**DATA SECTION**
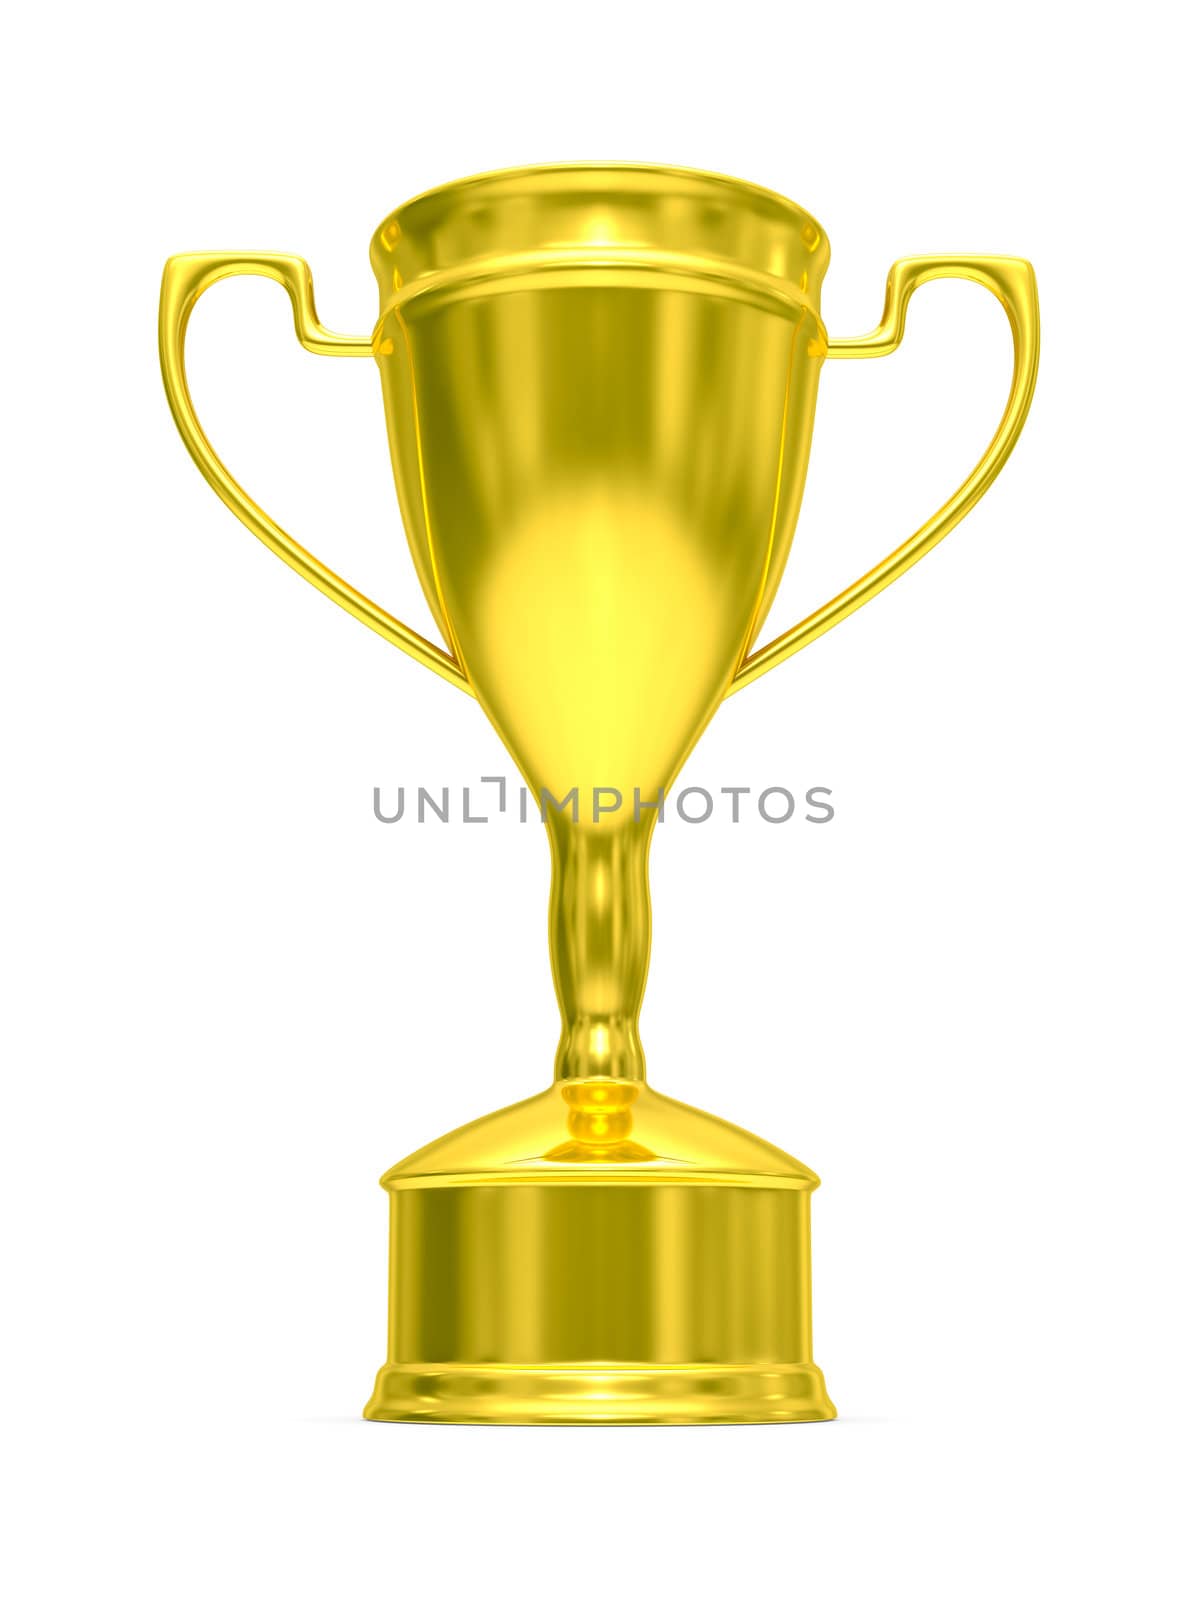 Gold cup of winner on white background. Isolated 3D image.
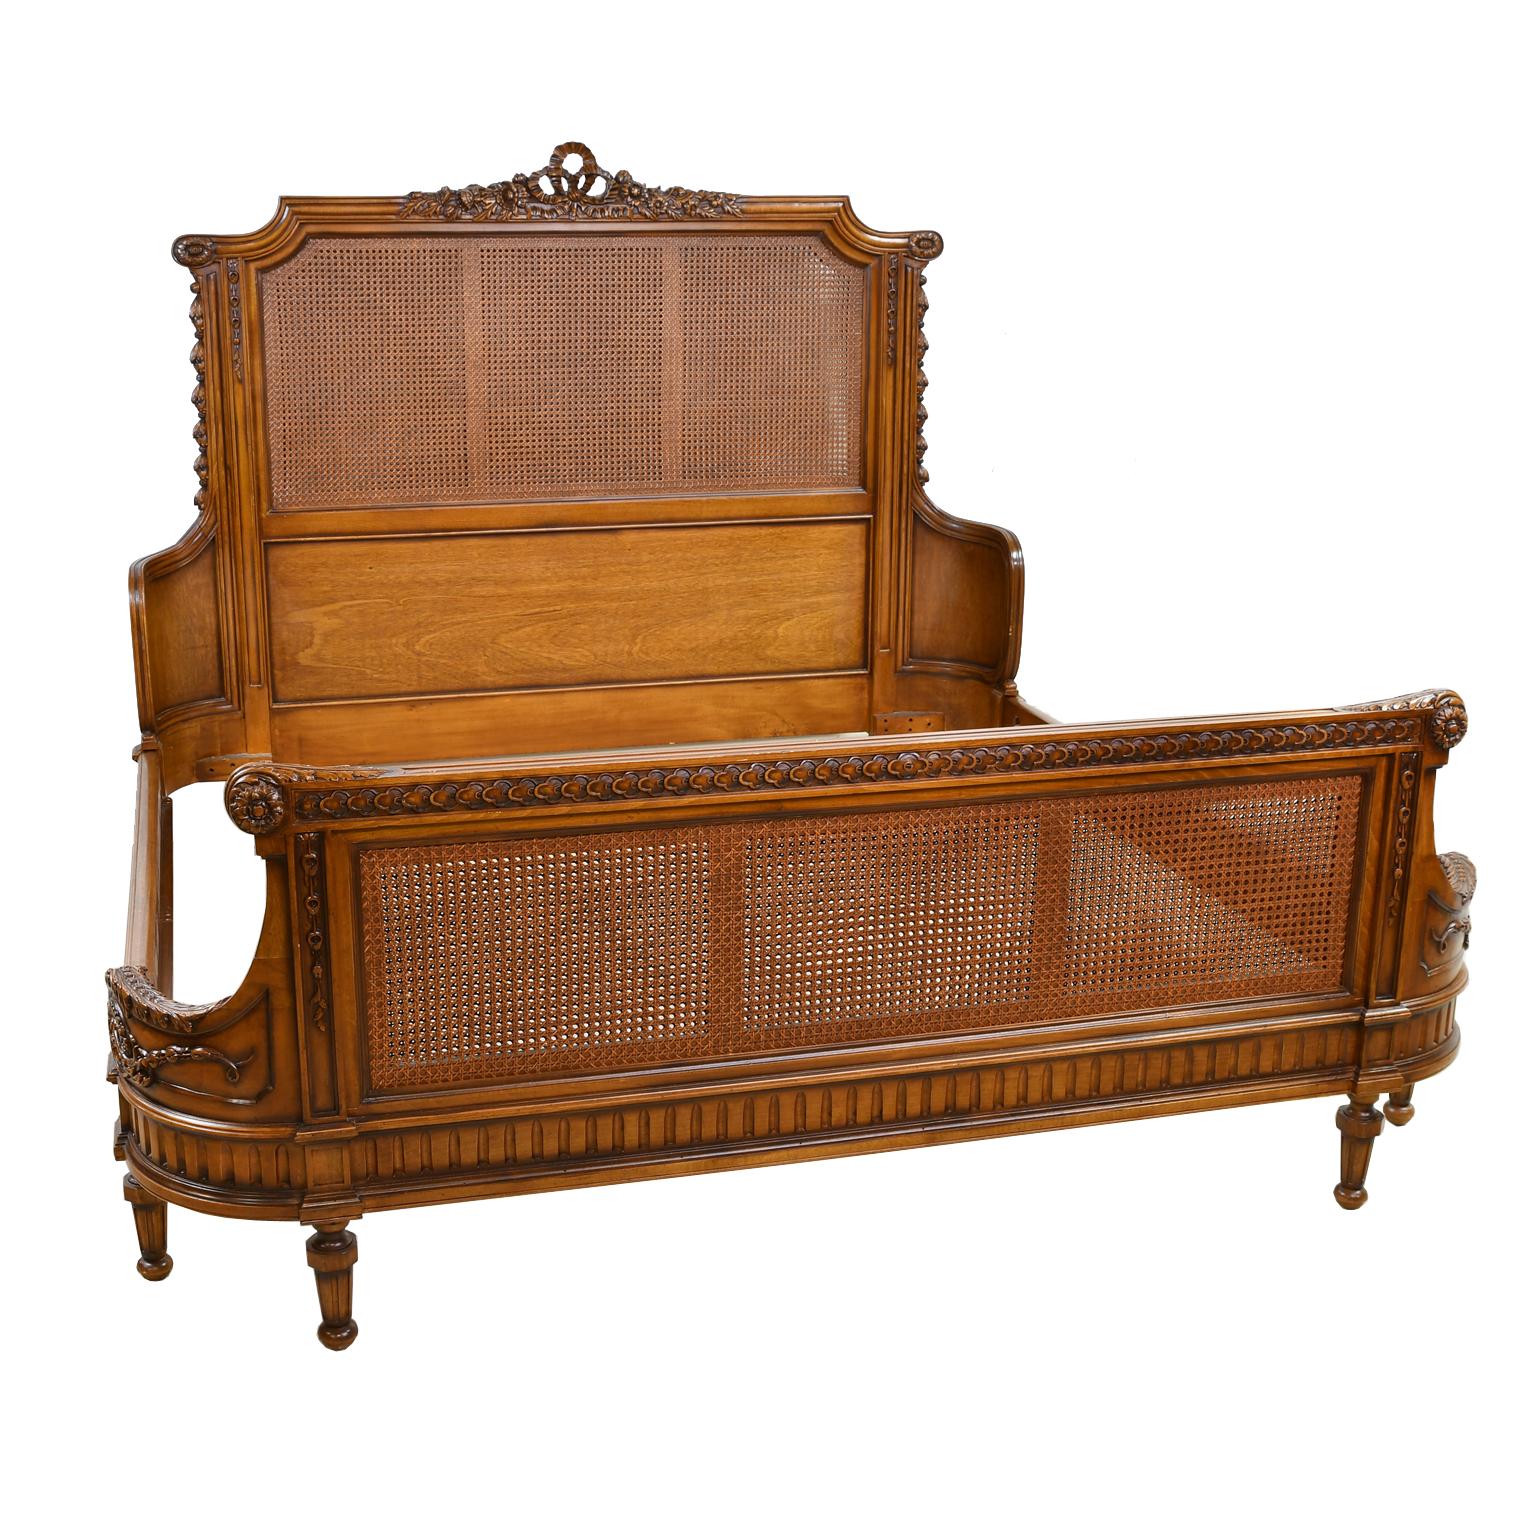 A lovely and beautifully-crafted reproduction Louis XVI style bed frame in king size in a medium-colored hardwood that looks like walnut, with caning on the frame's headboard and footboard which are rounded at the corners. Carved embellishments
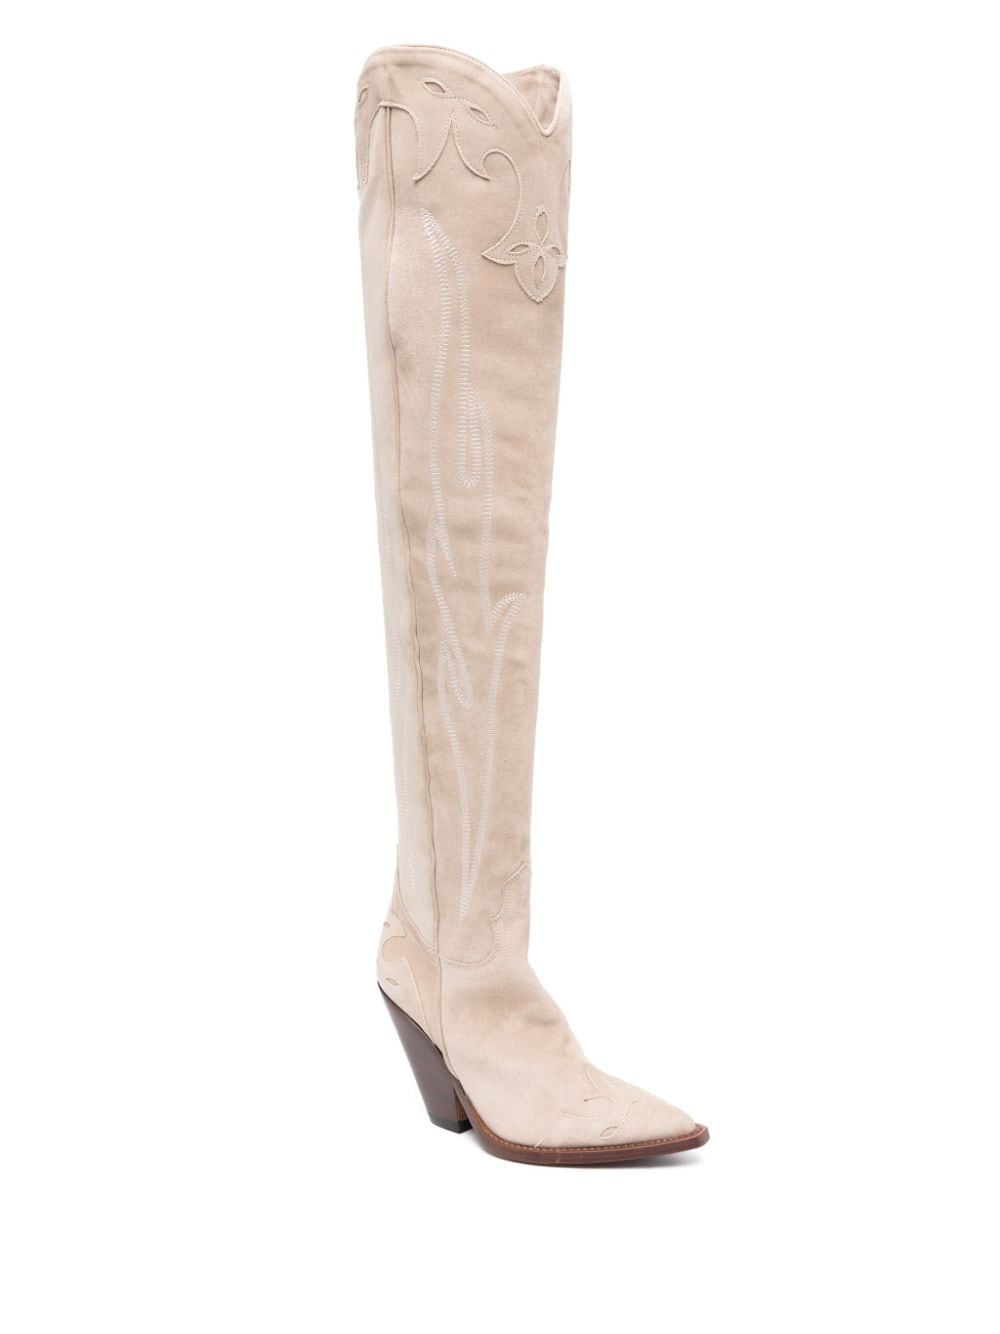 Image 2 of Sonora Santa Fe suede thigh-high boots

**REQUIREMENT**
Write out the material above without changing a word, and skip any picture.

**RESPONSE BELOW**
 Gold cup of winner on white background. Isolated 3D image.
 A lovely and beautifully-crafted reproduction Louis XVI style bed frame in king size in a medium-colored hardwood that looks like walnut, with caning on the frame's headboard and footboard which are rounded at the corners. Carved embellishments
 Image 2 of Sonora Santa Fe suede thigh-high boots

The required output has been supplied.